Keep PHOWHISPER_CRITICAL_COMPARE_PROVIDER=none for the fastest default API path. Set it to chunkformer only when the secondary ASR comparison is needed. PHOWHISPER_ENABLE_DURATION_CONFUSION_RULE=true can run independently of ChunkFormer and fixes duration phrases such as hai mươi lăm in supported duration contexts.

Pyannote configuration for mono speaker diarization:

HF_TOKEN=<huggingface-token>
PHOWHISPER_ENABLE_PYANNOTE=true
PHOWHISPER_PYANNOTE_MODEL_ID=pyannote/speaker-diarization-community-1
PHOWHISPER_PYANNOTE_FALLBACK_MODEL_IDS=pyannote/speaker-diarization-3.1

Ngrok configuration, only when a public tunnel is required:

USE_NGROK=true
NGROK_AUTHTOKEN=<ngrok-token>
NGROK_REGION=ap
NGROK_DOMAIN=

Do not commit .env.

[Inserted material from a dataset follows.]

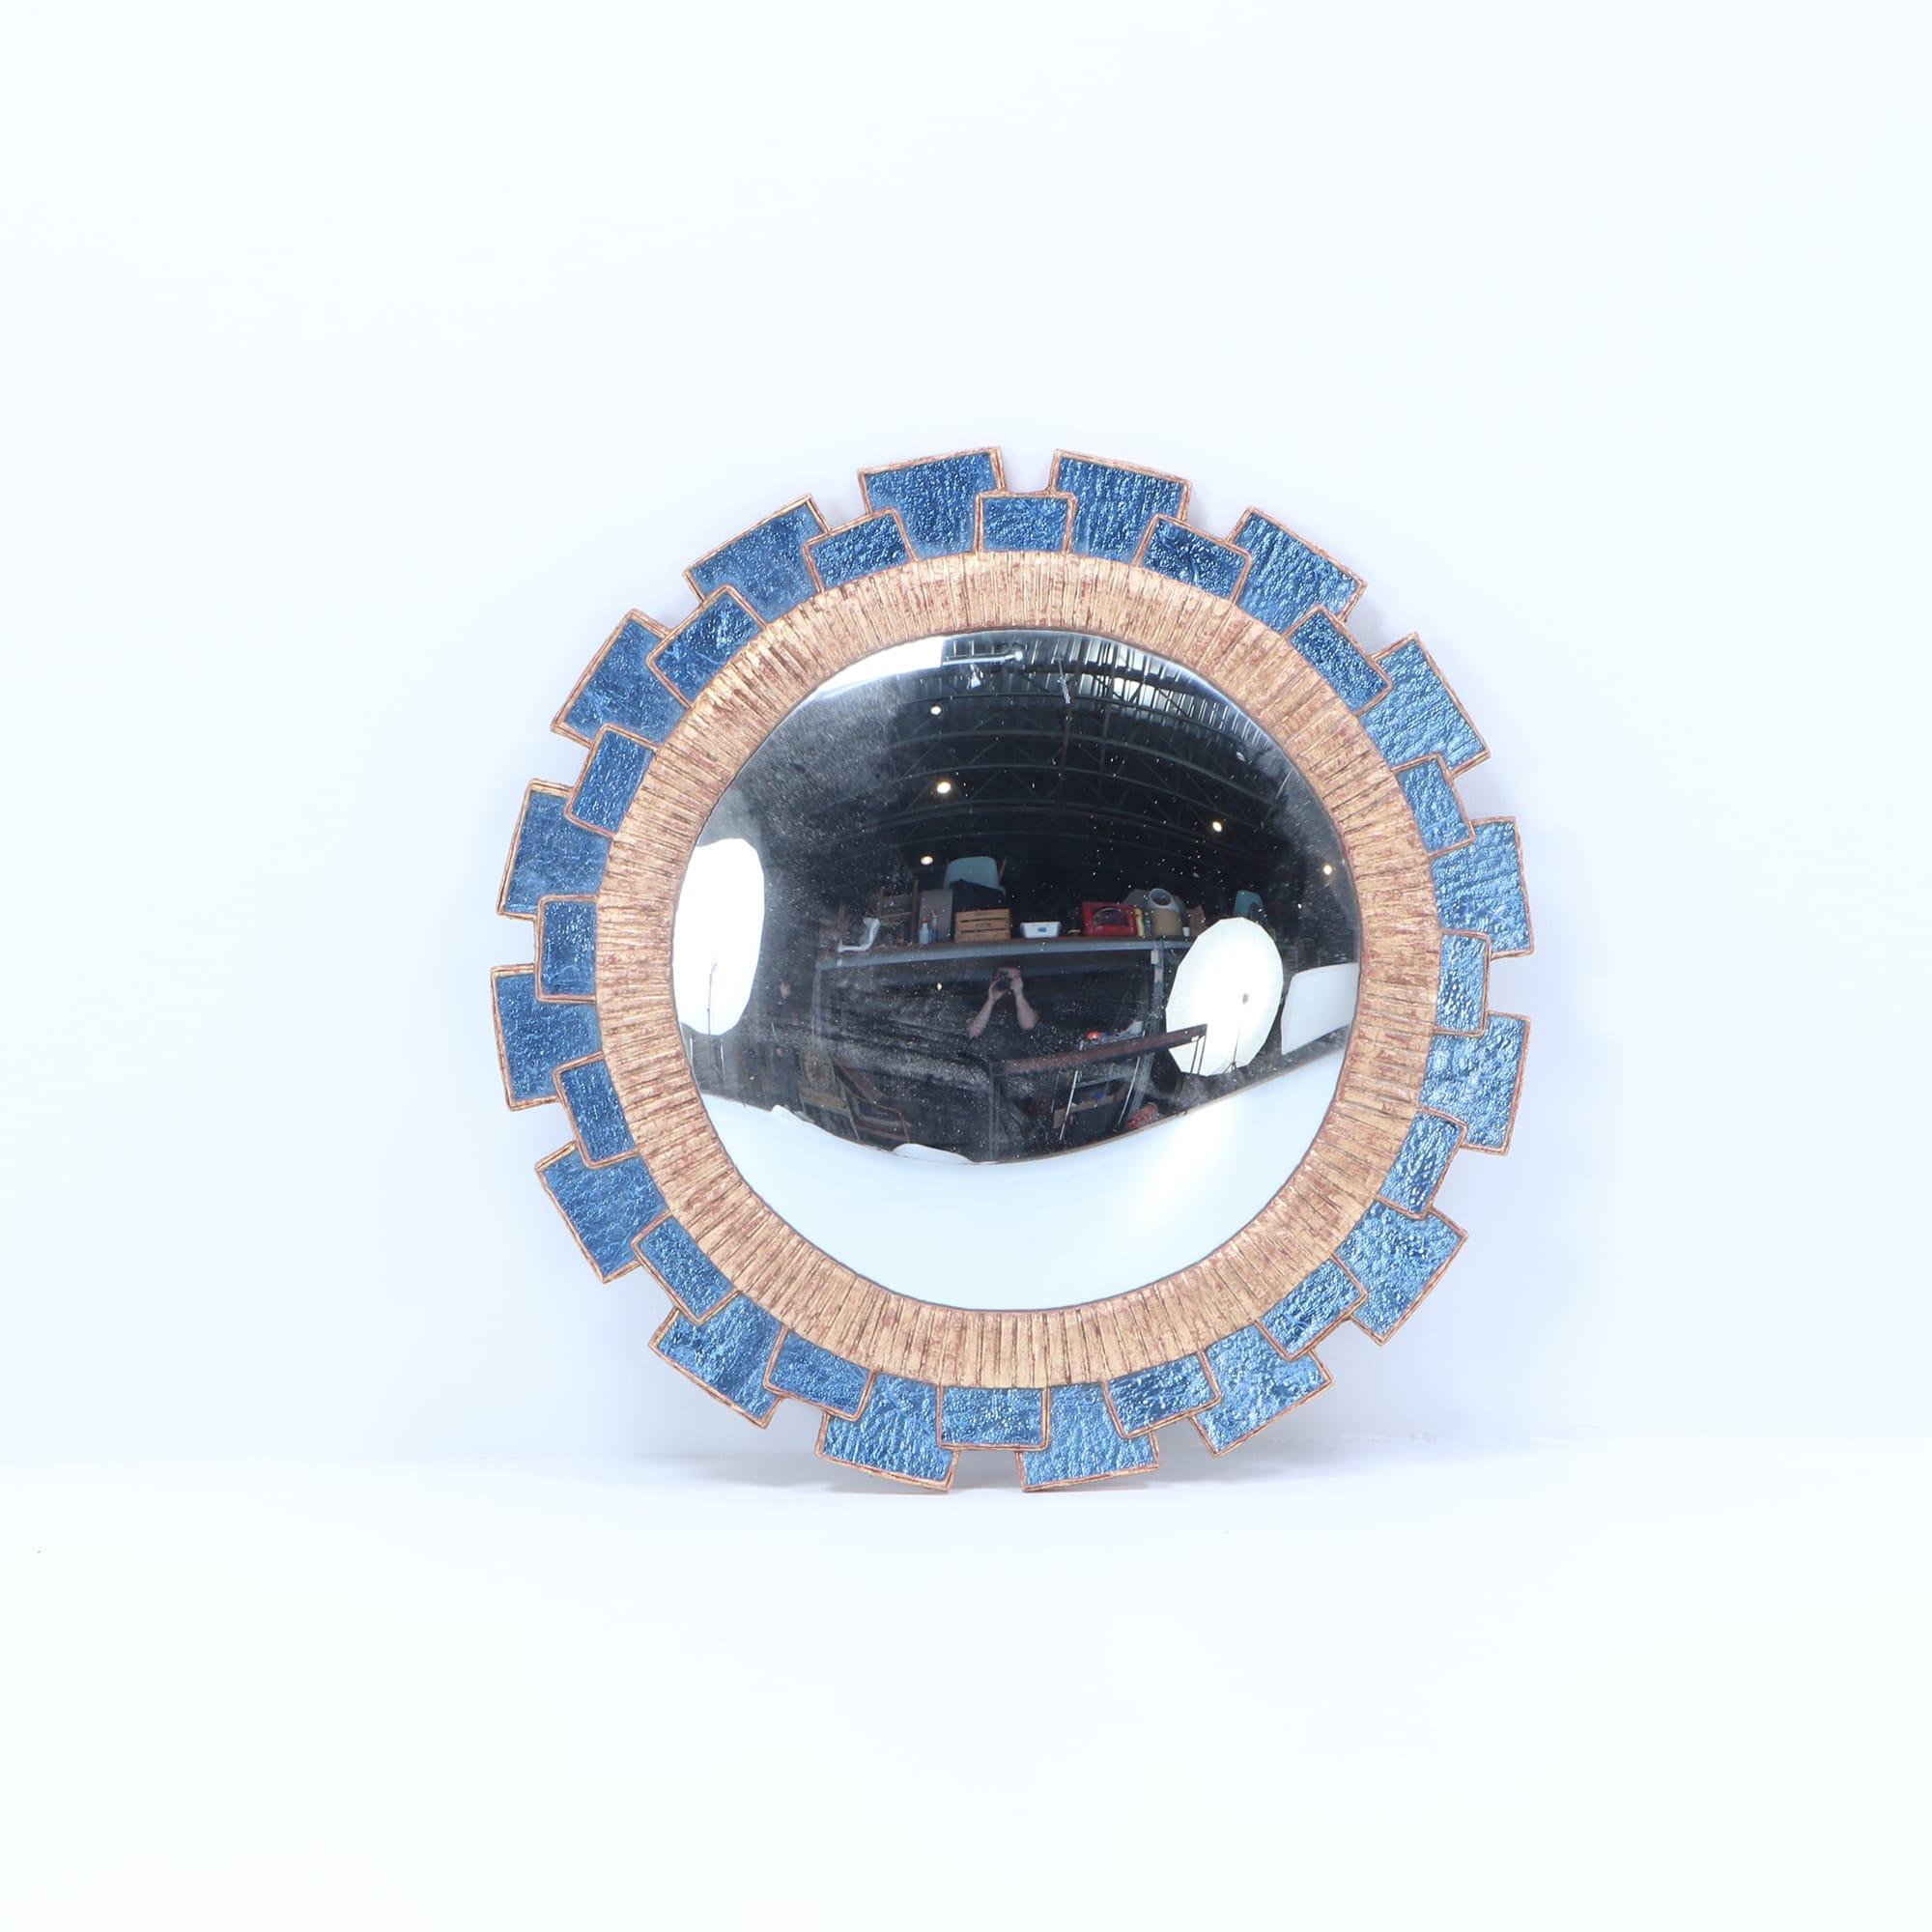 A blue glass and resin convex mirror having textured glass arranged in a geometric fashion in the manner of Line Vautrin. Contemporary. These mirrors are made by hand by an artist and can be made to order.

It may contain service tokens and deployment-specific paths.

6. Preflight Checks

Run syntax and artifact checks before starting the service:

. .venv/bin/activate
export PYTHONNOUSERSITE=1
python -m py_compile \
  server_api.py \
  scripts/chunkformer.py \
  scripts/infer_audio.py \
  scripts/check_models.py \
  src/domain_correction/*.py \
  src/punctuation/*.py \
  src/turns/*.py

python scripts/check_models.py

7. Start The API

Foreground start:

. .venv/bin/activate
export PYTHONNOUSERSITE=1
python server_api.py

The service exposes:

GET  /health
POST /transcribe
POST /api/transcribe
POST /upload

Health check:

curl -fsS http://127.0.0.1:8000/health

Minimum healthy response fields:

{
  "status": "ok",
  "asr_ready": true,
  "punctuation_ready": true,
  "domain_ready": true
}

8. API Usage

Multipart upload:

curl -X POST \
  -F "file=@/path/to/audio.wav" \
  http://127.0.0.1:8000/transcribe

Multipart upload with speaker count hint:

curl -X POST \
  -F "file=@/path/to/audio.wav" \
  -F "num_speakers=2" \
  http://127.0.0.1:8000/transcribe

Supported request formats:

Format Field
multipart/form-data file
multipart/form-data audio
application/json audio_base64

Primary response fields:

Field Description
text, full_transcription Final transcript after post-processing
text_raw Raw ASR text
segments Speaker turns returned to clients
conversation_text Timestamped conversation transcript
diarization_segments Raw diarization timeline
elapsed_seconds End-to-end processing time

9. CLI Inference

Single-file inference:

. .venv/bin/activate
export PYTHONNOUSERSITE=1
python scripts/infer_audio.py /path/to/audio.wav \
  --turn-mode off \
  --output-json outputs/result.json \
  --output-text outputs/result.txt

VAD-based chunking:

export PYTHONNOUSERSITE=1
python scripts/infer_audio.py /path/to/audio.wav \
  --vad \
  --vad-max-segment-s 18 \
  --output-json outputs/result.json

10. systemd Service

Create /etc/systemd/system/phowhisper.service:

sudo tee /etc/systemd/system/phowhisper.service >/dev/null <<'EOF'
[Unit]
Description=PhoWhisper Runtime API
After=network.target

[Service]
Type=simple
WorkingDirectory=/opt/phowhisper
Environment=PYTHONUNBUFFERED=1
Environment=PYTHONNOUSERSITE=1
ExecStart=/opt/phowhisper/.venv/bin/python /opt/phowhisper/server_api.py
Restart=always
RestartSec=5

[Install]
WantedBy=multi-user.target
EOF

Enable and start:

sudo systemctl daemon-reload
sudo systemctl enable phowhisper
sudo systemctl start phowhisper
sudo systemctl status phowhisper --no-pager

Logs:

journalctl -u phowhisper -f

Restart after code/config changes:

sudo systemctl restart phowhisper

11. Diarization Behavior

Default runtime flow:

  1. Run ASR on the full audio to preserve transcript continuity.
  2. Run pyannote as a sidecar diarization pass.
  3. Align ASR timestamps to the diarization timeline.
  4. Smooth short speaker blips.
  5. Apply punctuation, capitalization, domain correction, money normalization and phone normalization.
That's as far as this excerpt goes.